At 06:28 on an October morning, I stood outside my house in rural northern Minnesota, calculated the distance above the horizon to nineteen degrees, and scanned the western sky for a moving object, the International Space Station. I had plugged my zip code into the tracker on the NASA web site, and the ISS was due to cross my bit of space in two minutes, at 06:30 AM. It was still dark and cold, forty degrees. The sun was just breaking on the eastern horizon. There was no breeze, no sound. The nocturnal deer were done with their foraging, the diurnal squirrels, chipmunks and birds not yet astir. I stood on the lip of the hill that drops precipitously down to a plateau, and then to a swamp and a bay of water, and I shivered. I had not bothered to put on socks, just slippers, and was wrapped against the universe only in my terry cloth robe. I saw nothing in the sky except the predictable stars. Perhaps I had the time wrong. Perhaps I had missed it and the three-minute window had closed. I widened the field of my search to the southwest, then to the northwest, then back, and as I crossed again over the due west quadrant, there it was, rising like a tiny sun pursued by demons, relentless in its pace. It was so bright its fire could have come from inside, though I knew it was only sunlight reflected. I was startled by its size and proximity. As big as Venus setting on a crystalline evening, it looked round to the naked eye. Through my binoculars, though, it transformed into the shape of its solar panel array, a shimmering rectangle that garnered as much light as it reflected and powered the ship.
I had expected the Station to look like other dim and distant satellites I had seen at night, untwinkling gray dots keeping faith with the curvature of the Earth. Instead, it seemed close, closer even than the two-hundred and twenty mile stretch between me and it, a four-hour drive in a car on Earth, the distance to Minneapolis from my home. In a useless attempt at perspective, I had tried to imagine the line of that paved road anchored at my feet and lifted like a kite string up to the Station. On this morning, I kept the binoculars raised to it as it swept across the northern sky.
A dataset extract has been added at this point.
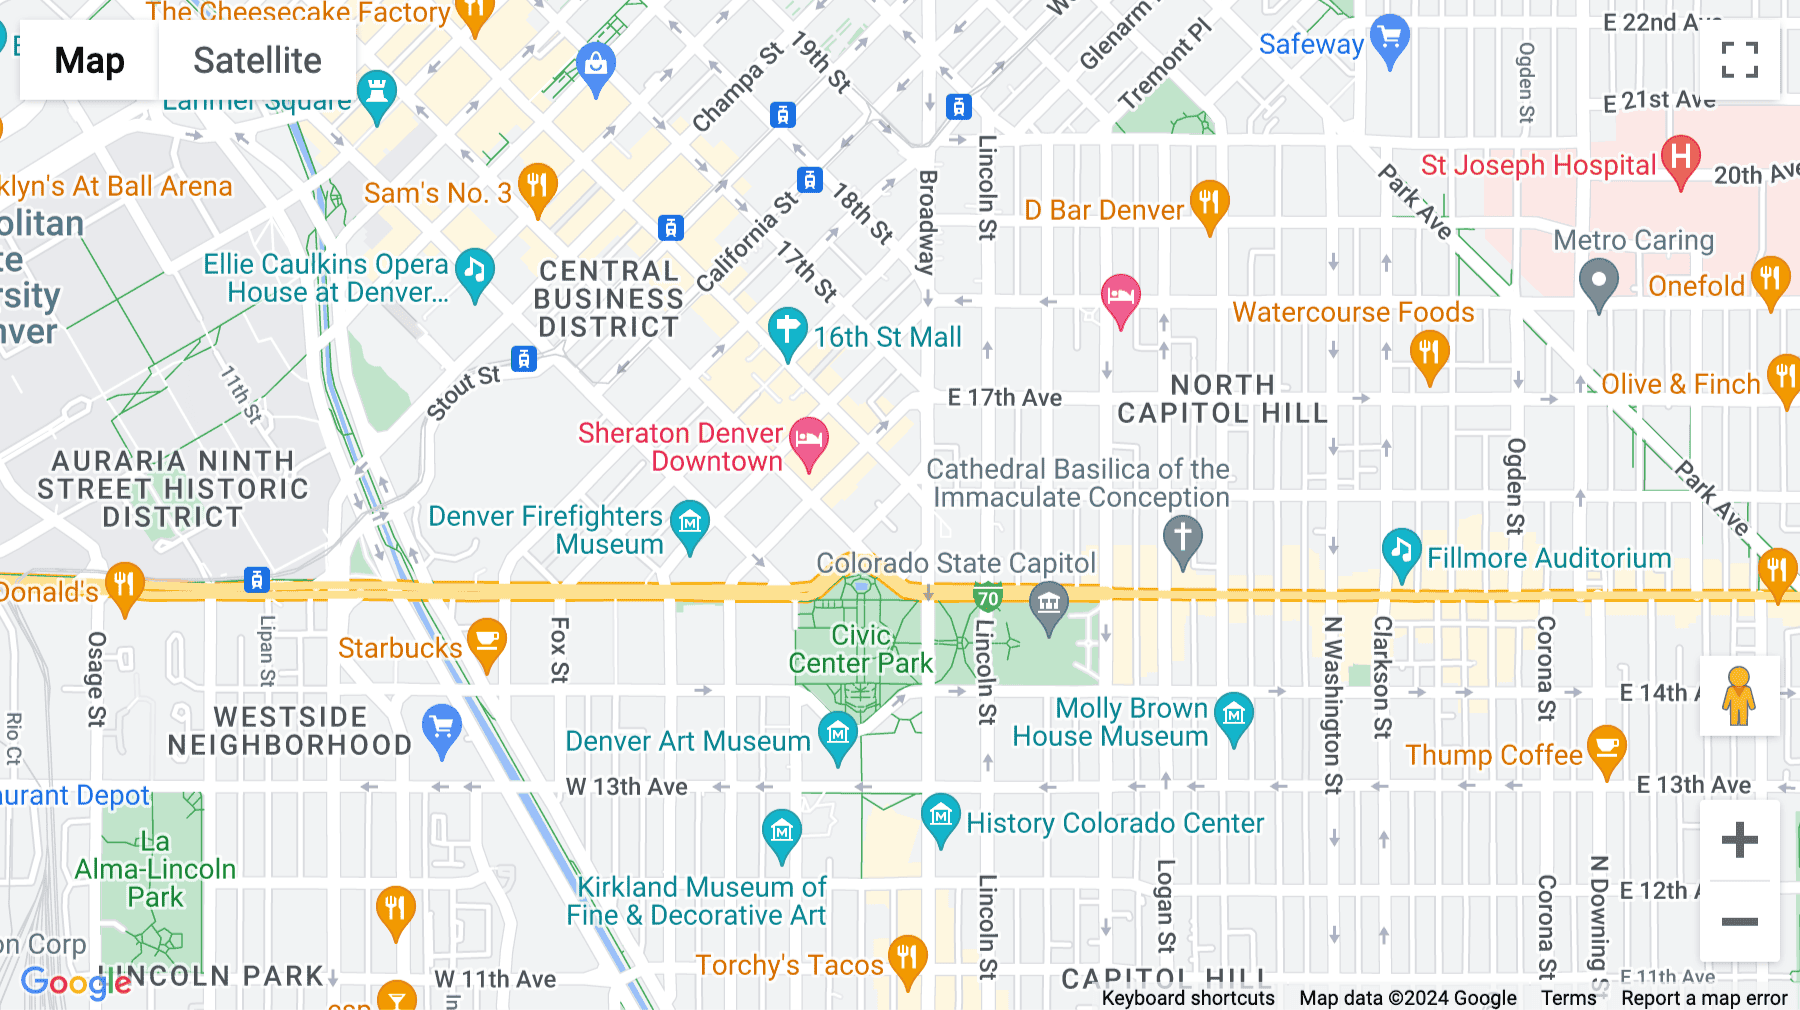 Click for interative map of 110 16th Street Mall, Suite 1400, Denver, Downtown, Denver

When it peaked at thirty-three degrees above the horizon, I lowered my arms and watched it unaided, a star falling into morning.
My love affair with stars started in the 1950’s, at summer camp. It was there I learned my first constellations: Cassiopeia, Orion, the Pleiades, the Big Dipper, the Little Dipper. They are the ones I look to even now, and I still use the two stars on the outer rim of the Big Dipper to lead me, five times up, to its lesser counterpart, the Little Dipper, and to Polaris, the twinned North Star. I used to wonder what it would be like to be out there, to be in outer space, and then, some years ago, I realized it would be no different than being on Earth, that Earth resides in space. I was disconcerted, could feel the desire of the planet to spin out of orbit, to careen wantonly away from the sun. Terra firma suddenly felt timorous to me, vulnerable. Until that moment, Earth had been something to count on and I realized that although I know the basics of the solar system—that the sun is at the center of things for us—that for me, for us, the sun is in revolution around us. The fantasy is corroborated with every sunrise and sunset, and is reinforced by the faithful rising and setting of the moon for which Earth really is the center of things.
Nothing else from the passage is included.